Я постоянно твержу родителям, что дети гораздо больше знают о делах взрослых, чем мы думаем. Увы, нынче и я была такой же невнимательной, как родители. Кое на что я не обратила внимания. Ни у постели Кристины, ни тогда, когда она читала письмо Жужи, я не заметила, что с некоторых пор события стала направлять, подталкивать Кристина; с похолодевшими руками слушала я слова умершей жены Эндре Бороша – каким-то чудом дошедшую до нас весть, у меня тогда даже дыхание перехватило, а самой сути я все-таки и не заметила, воображала, что все это случайность. Как будто у детей что-нибудь бывает случайно! Как будто всякое их действие, даже внешне бессмысленное, не диктуется каким-то своеобразным, подчас непостижимым для разума взрослых ходом мысли!

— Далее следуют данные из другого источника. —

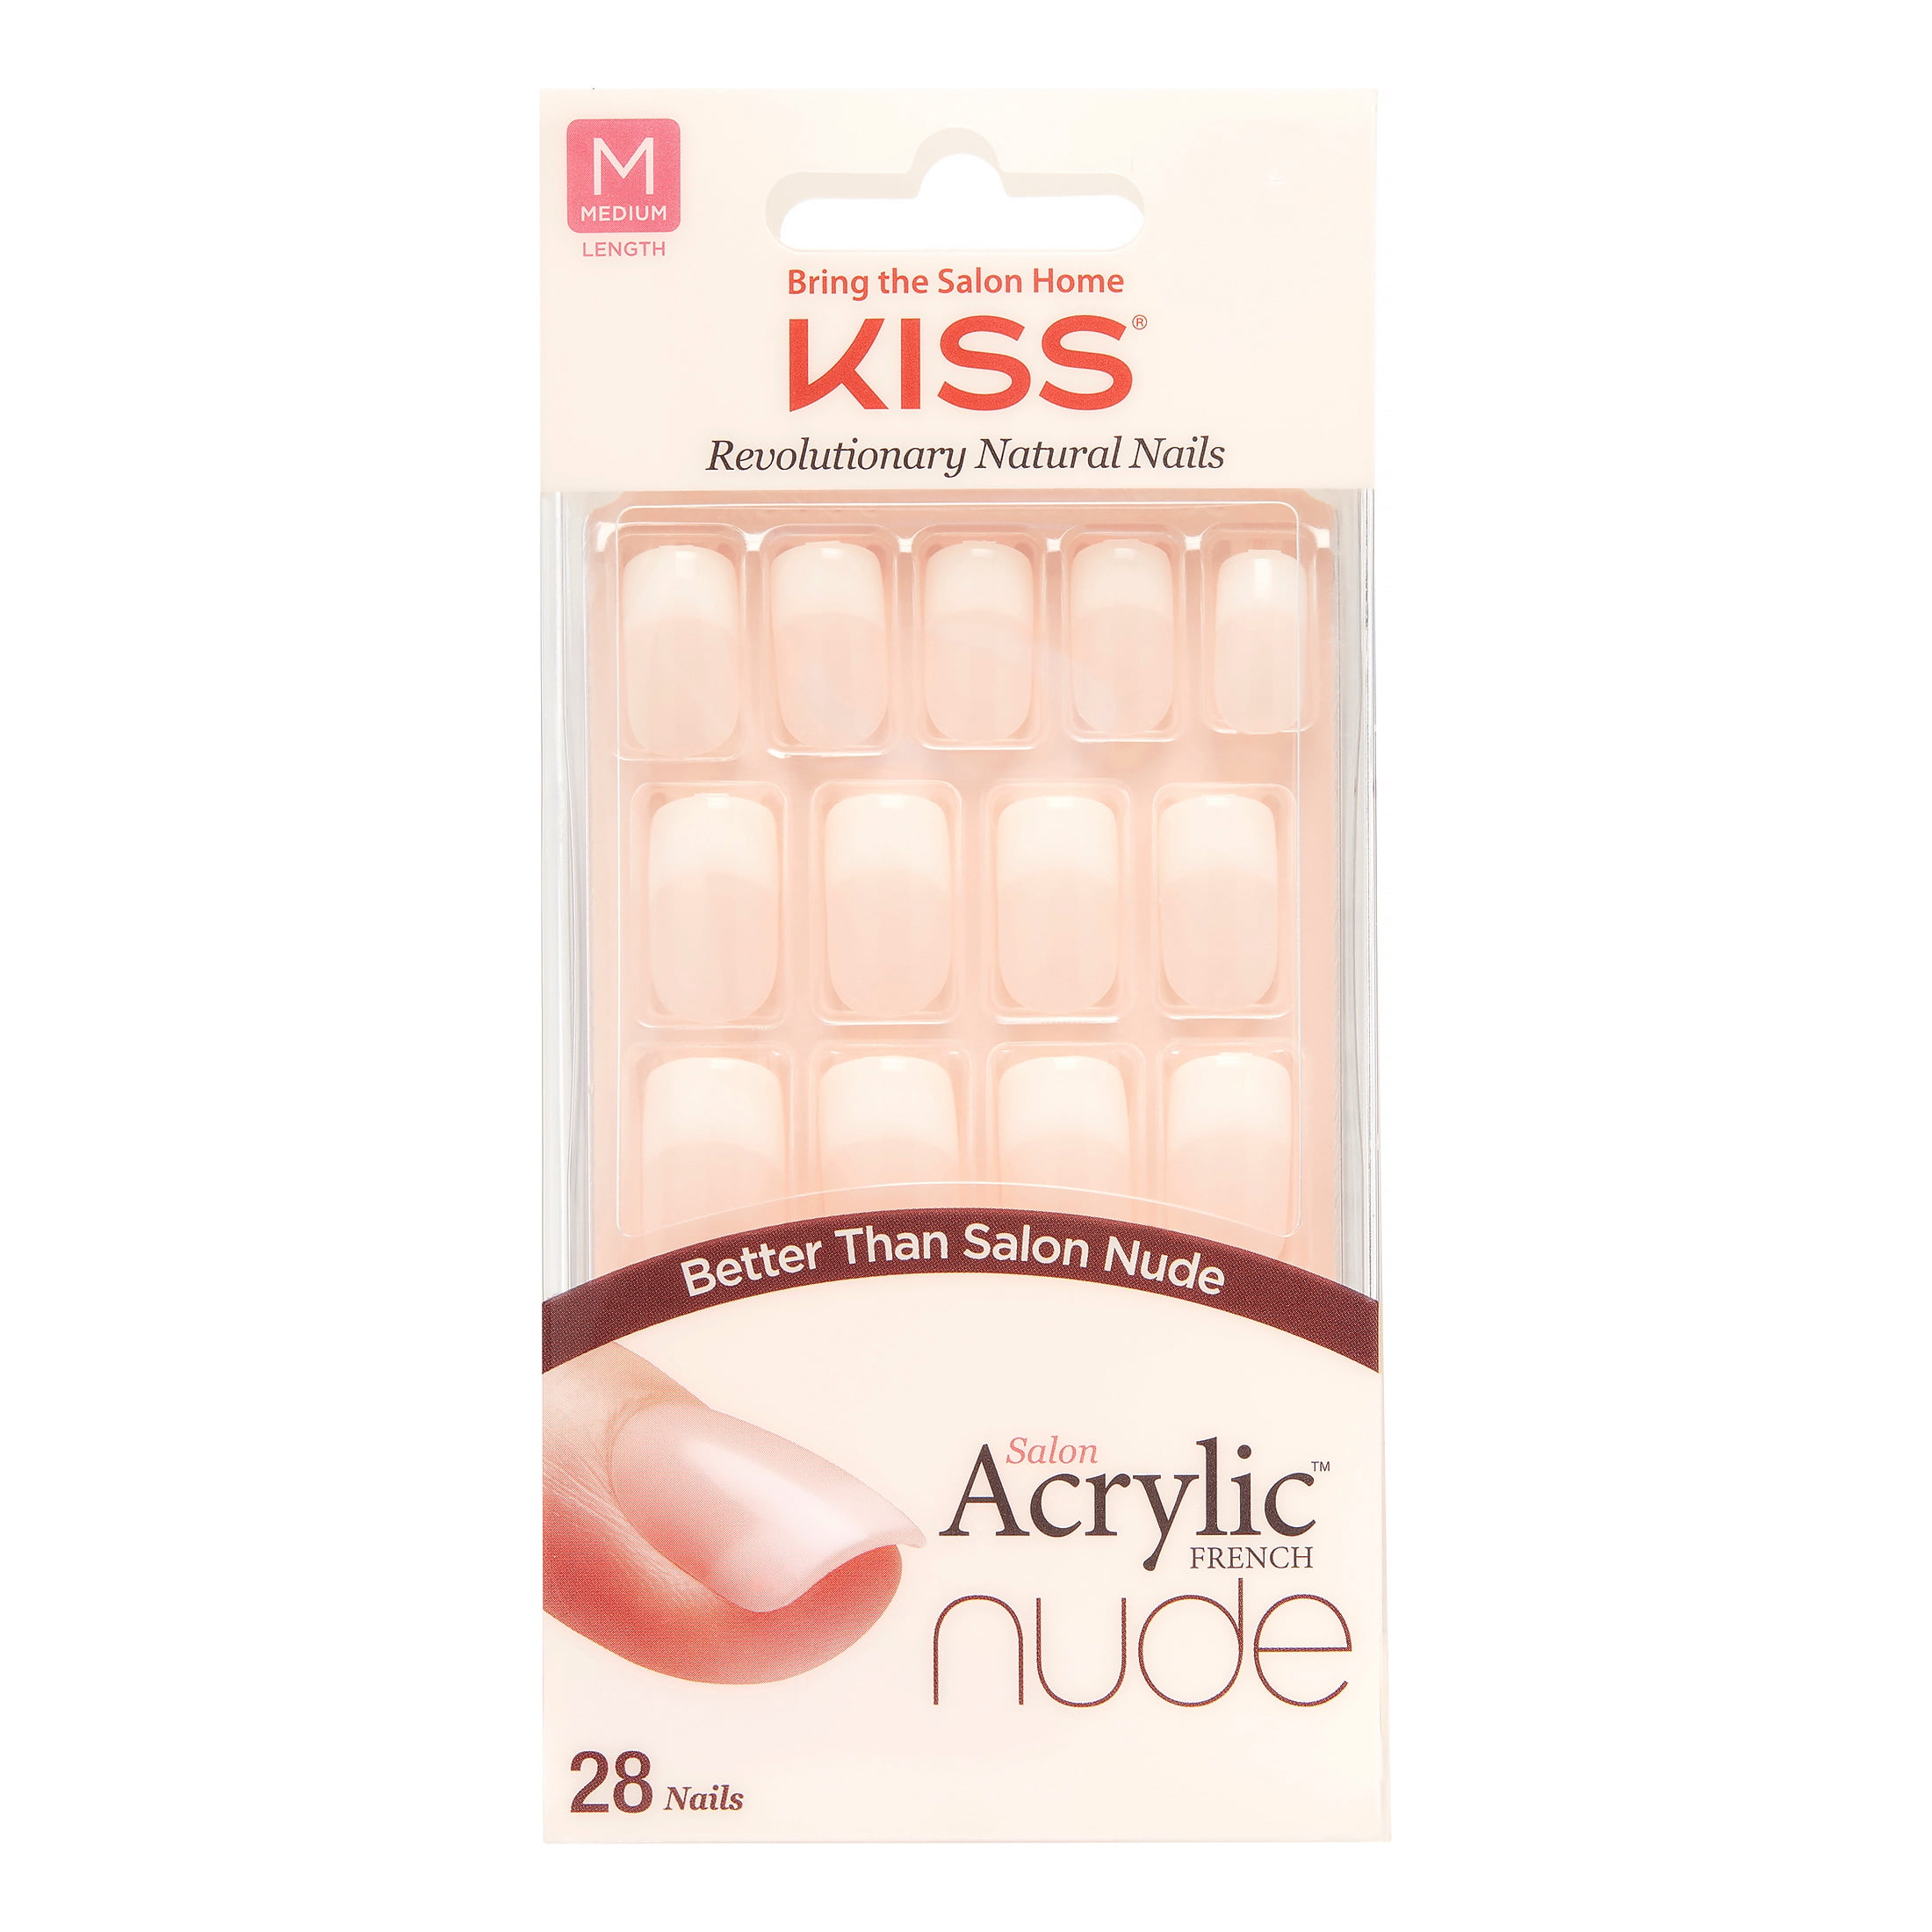 KISS Salon Acrylic Nude French Nails - Breathtaking
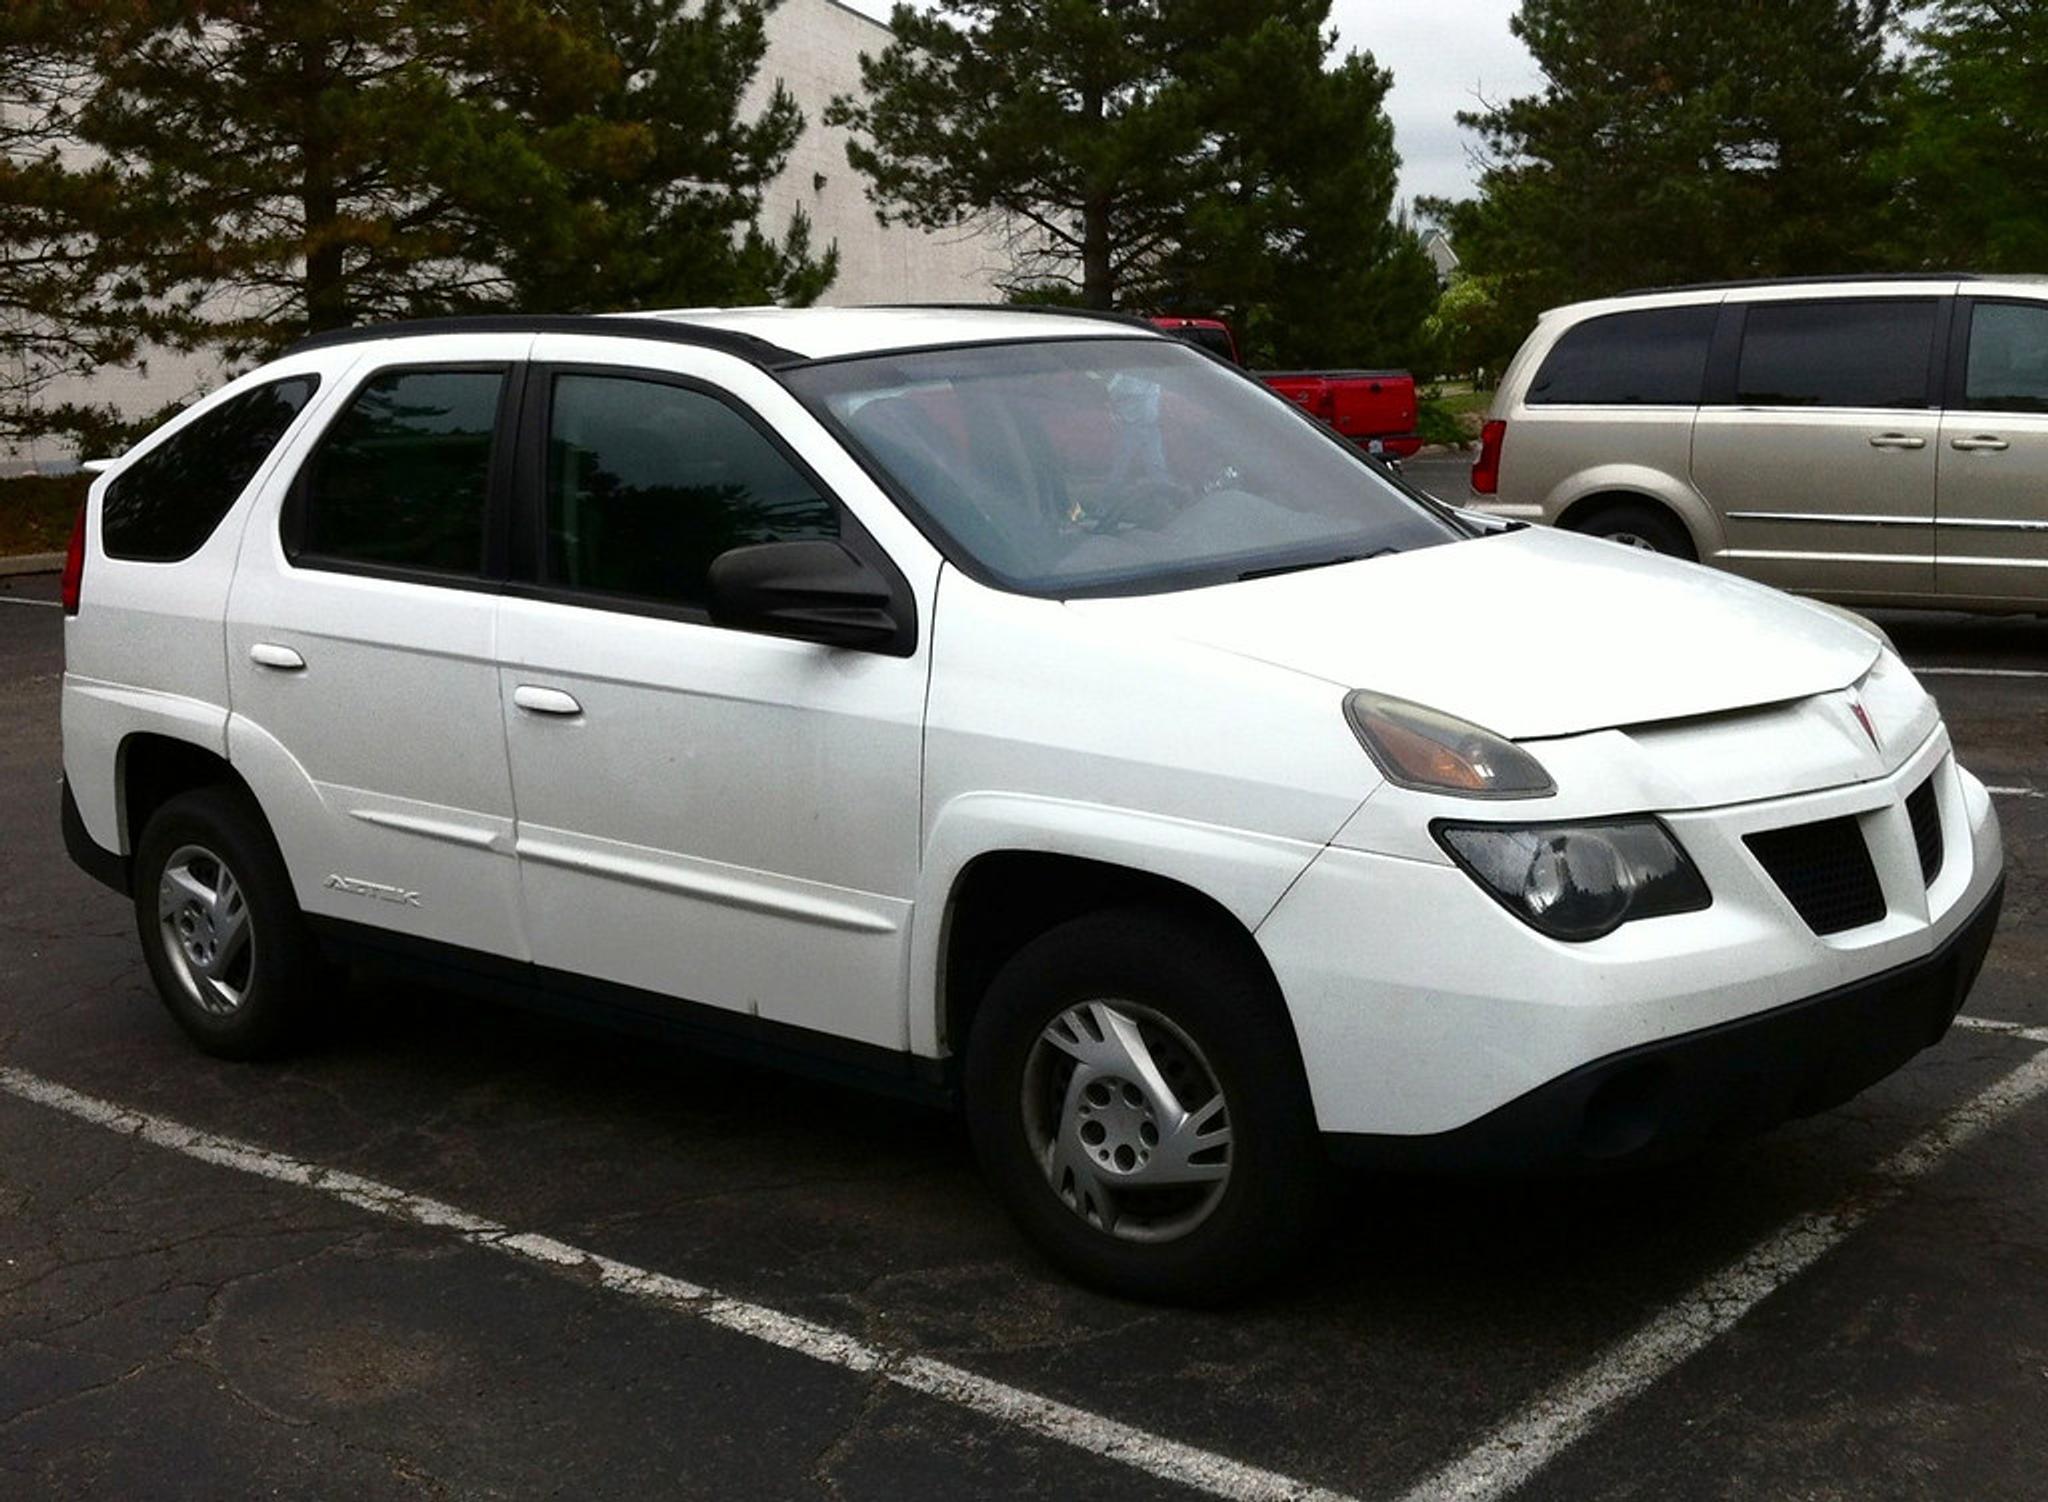 White Pontiac Aztek in the parking lot

Учись, молодая учительница, учись скромности. Ты сидела там, за партой, и даже лицо прикрыла рукой, чтобы не видно было, как ты потрясена, и думала о том, что день величайшей в твоей жизни педагогической победы совпал с важнейшим в твоей жизни решением. Потому что если так обстоят дела, если таково было желание Жужи, если и Кристина знает об этом ее желании, тогда твой долг войти в эту семью: путь свободен, и ты вольна идти туда, куда с самого октября зовет и влечет тебя твое сердце; ты можешь снова гулять по любимой аллее, потому что законы твоей профессии и твоего счастья совпали. И победили те самые принципы, согласно которым ты воспитываешь детей, – ведь вот твоя ученица уже не прежняя, замкнутая, пришибленная горем девочка, она изменилась, у нее есть место в жизни; свою личную потерю она видит в свете общечеловеческих потерь и знает, какой путь изберет в будущем. Этому научила ее ты, можешь гордиться своим успехом.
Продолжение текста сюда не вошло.